– Кто? – поднял брови Виктор Станиславович.
– Жабки! Знаете, «жабка» – это по-чешски девчонка-подросток! – Она рассмеялась, запрокинув голову. Мужчина издал хныкающий звук – тоже засмеялся. – Мне приходится заниматься рекламой и… – Она вдруг замолкает, словно осененная некоей мыслью. Касается подбородка кончиком указательного пальца. – Знаете, я даже могла бы открыть у себя секцию вашей косметики! – Она, широко раскрыв глаза, смотрит на собеседника (взгляд номер пять – «Обезоруживающий», из известного пособия). – И, скажем, пару месяцев ничего не брать за аренду! – добавляет она, сообразив, что дружба дружбой, а бизнес бизнесом.
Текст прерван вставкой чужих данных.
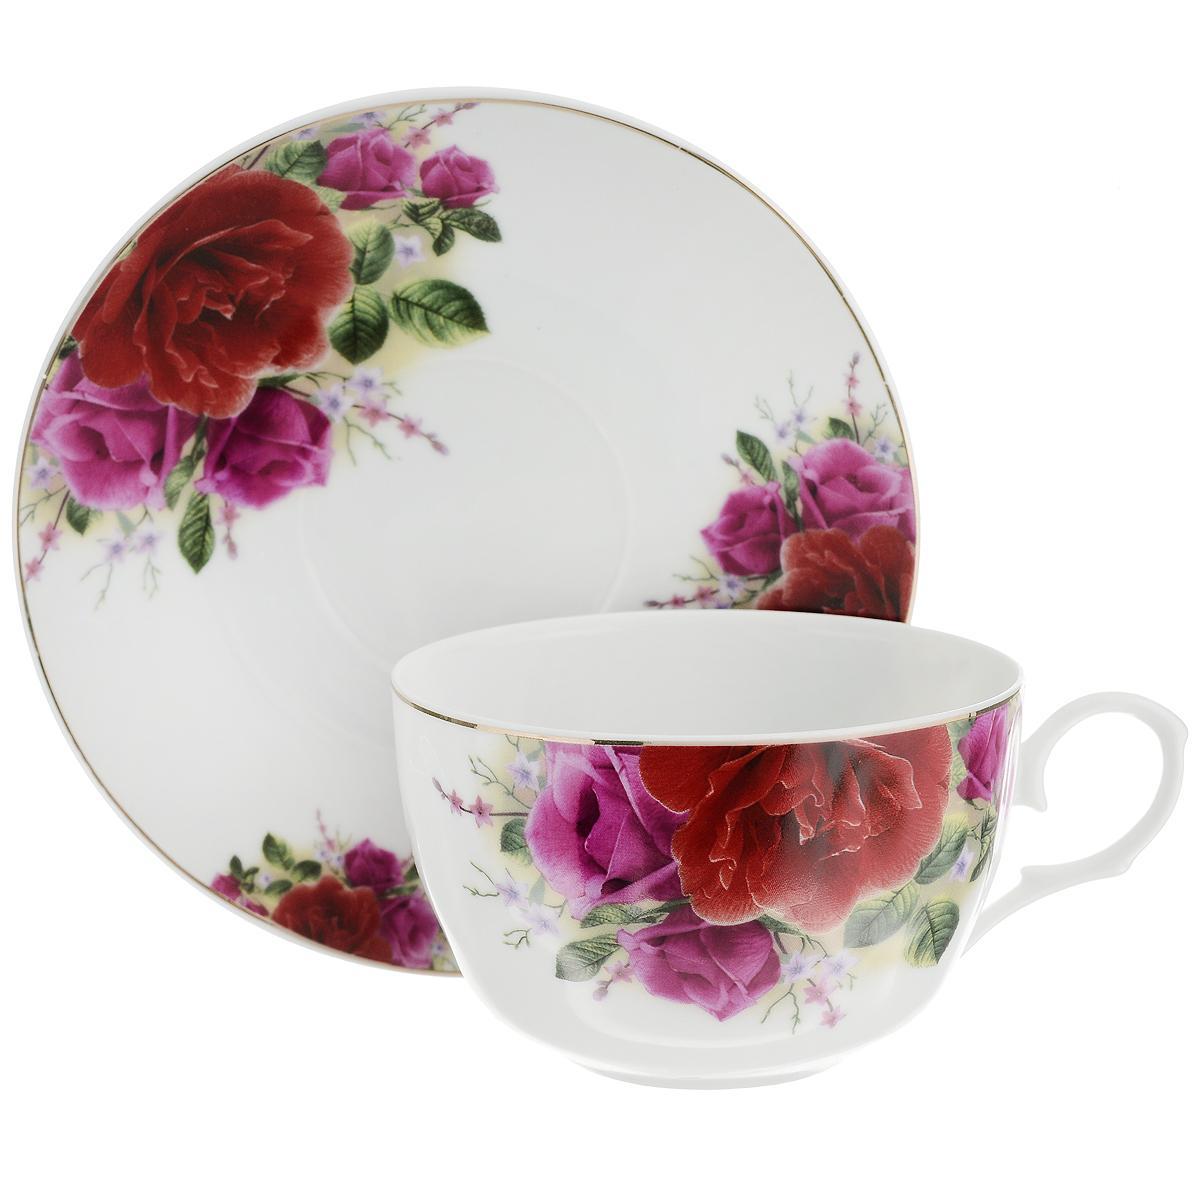 Набор чайный Briswild Роза Патио, 2 предмета523-096Чайный набор Briswild Роза Патио состоит из чашки и блюдца. Изделия выполнены из высококачественного фарфора и оформлены красочным изображением розы. Изящный набор красиво оформит стол к чаепитию и станет приятным подарком к любому случаю. Не использовать в микроволновой печи. Не применять абразивные моющие средства.

Никто не ценит того, что достается даром.
– Э-э-э… – выдавил из себя Виктор Станиславович. – Э-э-э… в общем-то…
Римма чувствовала: еще немного – и сопротивление, если это можно назвать сопротивлением, будет сломлено. По ее глубокому убеждению, теперь не зарабатывает только ленивый. Хотя были времена… Были! Вспоминать не хочется.
Зарабатывать на жизнь можно руками, как ее старички, шьющие кукол для «Вернисажа»; лицом, как она сейчас, – «на булавки»; и головой… Работать головой Римма тоже умеет! Открыть секцию «ЛаРош» в «Вернисаже» – отличная идея. Волошик даже не заметит. Она не видела его уже три или четыре месяца. «Надеюсь, хотя бы мои отчеты он читает!» – иногда думала Римма. Перед ее мысленным взором предстал очаровательный уголок салона, собственная большая фотография – чуть прищуренные глаза, полураскрытые призывно губы… в руке – блестящая коробочка с продукцией «ЛаРош» и подпись: «Неотразимая косметика для неотразимой женщины!» Или: «Уверенность в себе, шарм, гламур!» А то еще: «Вперед по жизни с «Мадам де ЛаРош»!»
Не проблема, придумаем. Идей у нее, Риммы, с избытком.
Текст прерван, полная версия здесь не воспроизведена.